Explore Salaries and Equity at AngelList - rmah
https://angel.co/salaries

======
zomgbbq
NYC, mobile developers, most jobs are in the 70-80k range with 1-3% equity.
That is a low salary at a small amount of equity for someone with a relatively
in-demand skillset.

Please check my maths: in the best case scenario, if you get 3% equity and
assume 33% dilution on that equity after an A-round and the company has a 10%
chance of a medium 25MM exit, the EV is around $50k. If you assume the same
developer could have made a $120k salary with no equity elsewhere that company
would have to exit within 1.25yrs for it to be +EV which is probably not
feasible.

Someone please check my maths as I am looking at exit values from a 2006
study: [http://qph.cf.quoracdn.net/main-
qimg-77bb58e10c69517534aaac1...](http://qph.cf.quoracdn.net/main-
qimg-77bb58e10c69517534aaac13b36e00dd)

------
noname123
According to Glassdoor:

Sr. Software Engineer at Google, on average (sample size of 189) make $145K on
average with $63K bonus for $200K per annum.

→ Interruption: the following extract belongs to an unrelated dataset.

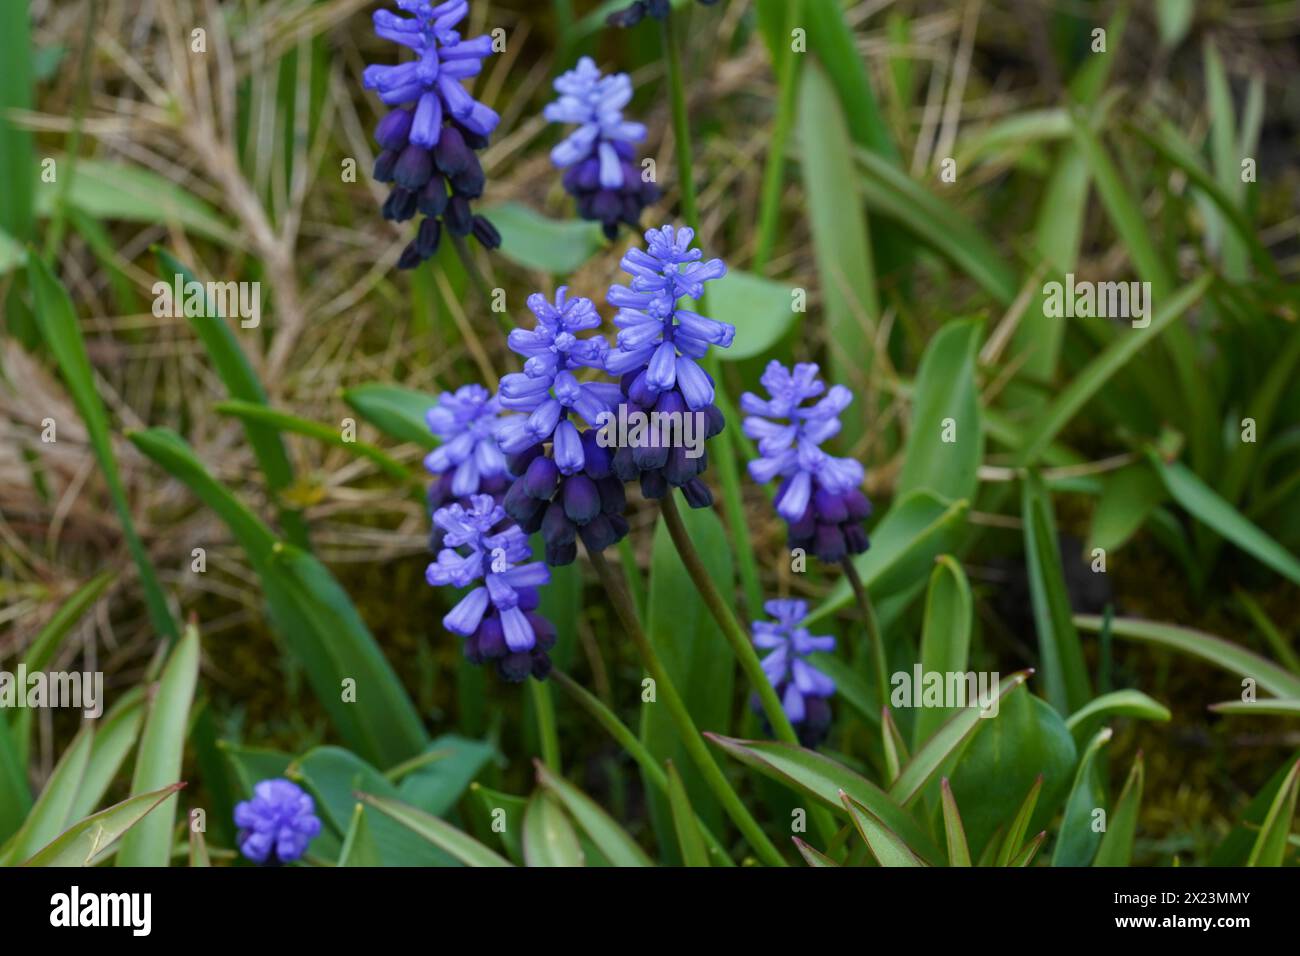 Grape Hyacinth Bulbs in Latin called Muscari Latifolium growing in a colony. Stock Photo
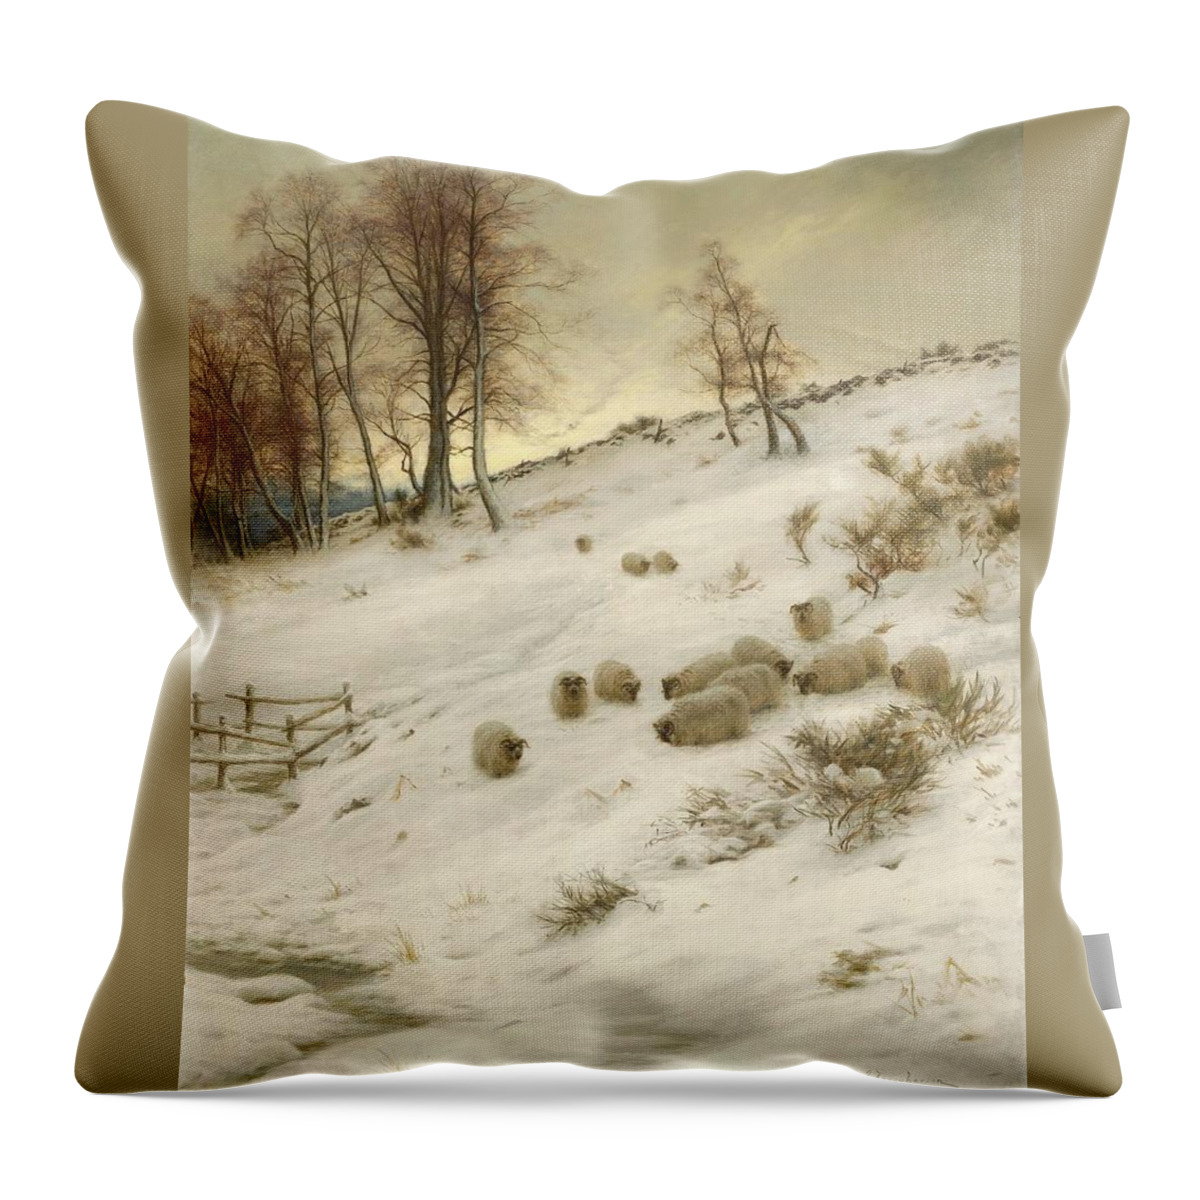 A Flock Of Sheep In A Snowstorm Throw Pillow featuring the painting A Flock of Sheep in a Snowstorm #9 by Joseph Farquharson

So for an average equity of 1.125% for developer (according to angel.co) and
average salary of $93K, a startup has to make a non-diluted exit of 8.56 mil
on the first year, 17.1 mil on the second year and 25.6 mil in the third year
to justify the opportunity cost.

Of course, not every developer can make $200K per year but just food for
thought of working for startup vs. BigCo.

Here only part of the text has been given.